Play against the CPU is good. Usually, you'll find yourself seated at a table against seven computer-controlled opponents. The computer does a very decent job of bluffing and inducing check-raise situations, especially in higher-level tournaments. The poker gurus say most people should fold at least 70% of the hands they're dealt, and that sure seems to happen here. When it's your turn, you can cycle through your play options (check, fold, bet, raise, etc.) by pressing left and right on the analog stick and make selections using the x button. In most cases, the appropriate choice is already selected, so all you need to do is pick it. The game automatically raises antes, blinds, and minimums after every so-many hands, and has no problem dealing with side pots that arise from "all in" situations. In tournaments, empty spots at the table are automatically filled when players are eliminated.

A particularly user-friendly feature is the save interface, which you can access from the pause menu at any time during an offline game. If mom, or honey, or boss, or whoever calls you away, you can always save and return right where you left off–even in the middle of a hand.

If you've already clicked and had a look at the screenshots we have of the game (and I suggest you do so, eventually), then you already know where the corners were cut to make this game come in on a budget that'd enable the publisher to sell it for $20. What you see in those images really is what you get. The venues are dull and the characters look like average Joes and Janes, all rendered using 3D polygons, but not in the flashy way you've come to expect from 3D games. Likewise, World Championship Poker hasn't been dolled up with TV logos or cutaways in an effort to help it resemble one of those big budget broadcasts you've seen on ESPN, Bravo, or the Travel Channel. The developers did at least copycat the "odds of winning" percentage display that TV tourneys show next to hands during heads-up situations.

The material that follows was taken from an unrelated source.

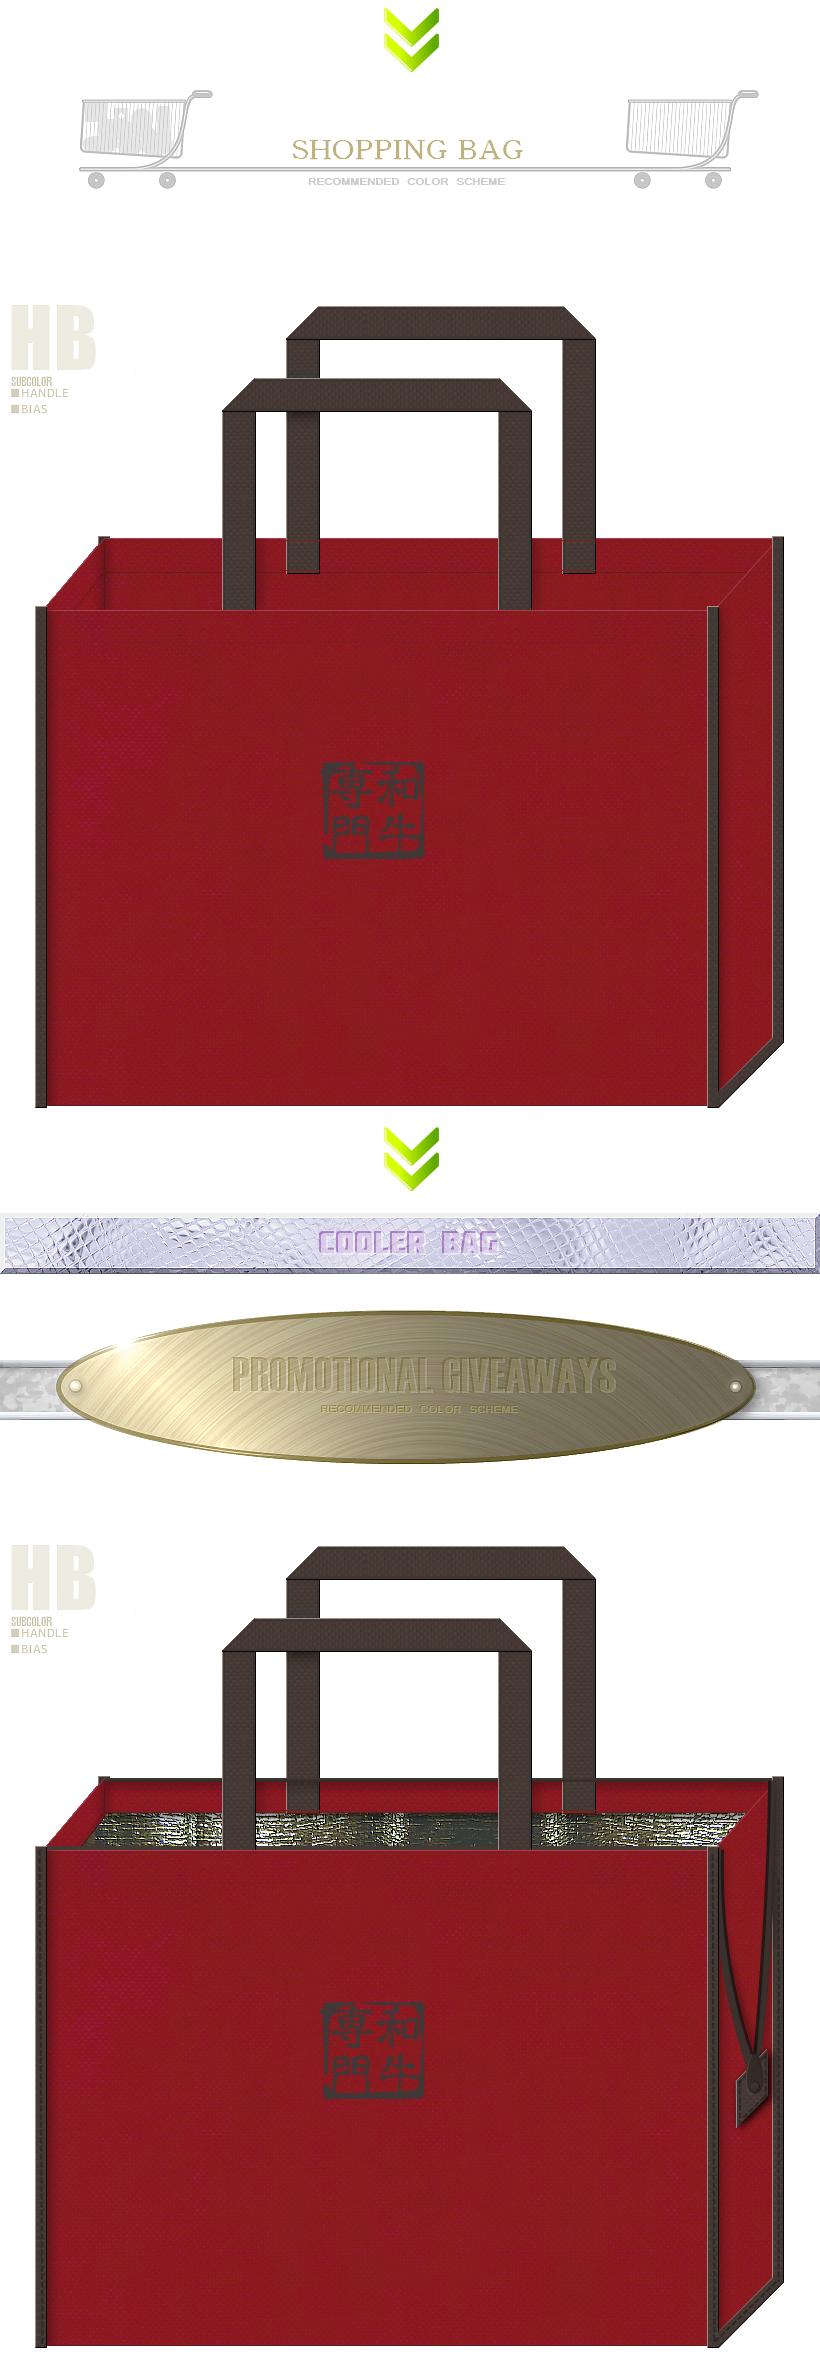 エンジ色とこげ茶色の不織布バッグデザイン:上-すき焼き・牛肉店のショッピングバッグ 下-和牛肉の販促ノベルティ(テイクアウト用の保冷バッグ)

Another thing I appreciate about the game's graphics is that CPU players actually exhibit distinctive facial mannerisms, just like real players do, which you can use to figure out their play patterns or guess their cards. For instance, if Brandi scratches her ear after making a large bet, that means she's bluffing. Being able to look at players' faces and figure out their mannerisms is a huge aspect of poker, and I was so happy to discover that the developers implemented that aspect here.

The audio is also mostly lacking in frills. Players give the dealer the usual set of "check," "fold," "raise", or "all in" commands, but don't say much more than that except for a few choice whines and hoorays that they utter when they win or lose a hand. An invisible commentator backs up the onscreen action by calling out the various checks, bets, and raises, and he'll throw-in an anecdote or two (usually about folding at the right time), but his vocabulary seems to be limited to about 30 phrases or so.

Ultimately, World Championship Poker fulfills my needs. For $20, I can play my favorite poker variations against decently-skilled CPU opponents or go online and play against live opponents (and actually see them if they're using an EyeToy camera). I wish the presentation were more exciting, particularly the graphics, which could possibly put poker newbies to sleep before the first hand is over, but the game makes up for that shortcoming (somewhat) thanks to its deep selection of poker variants and tournaments.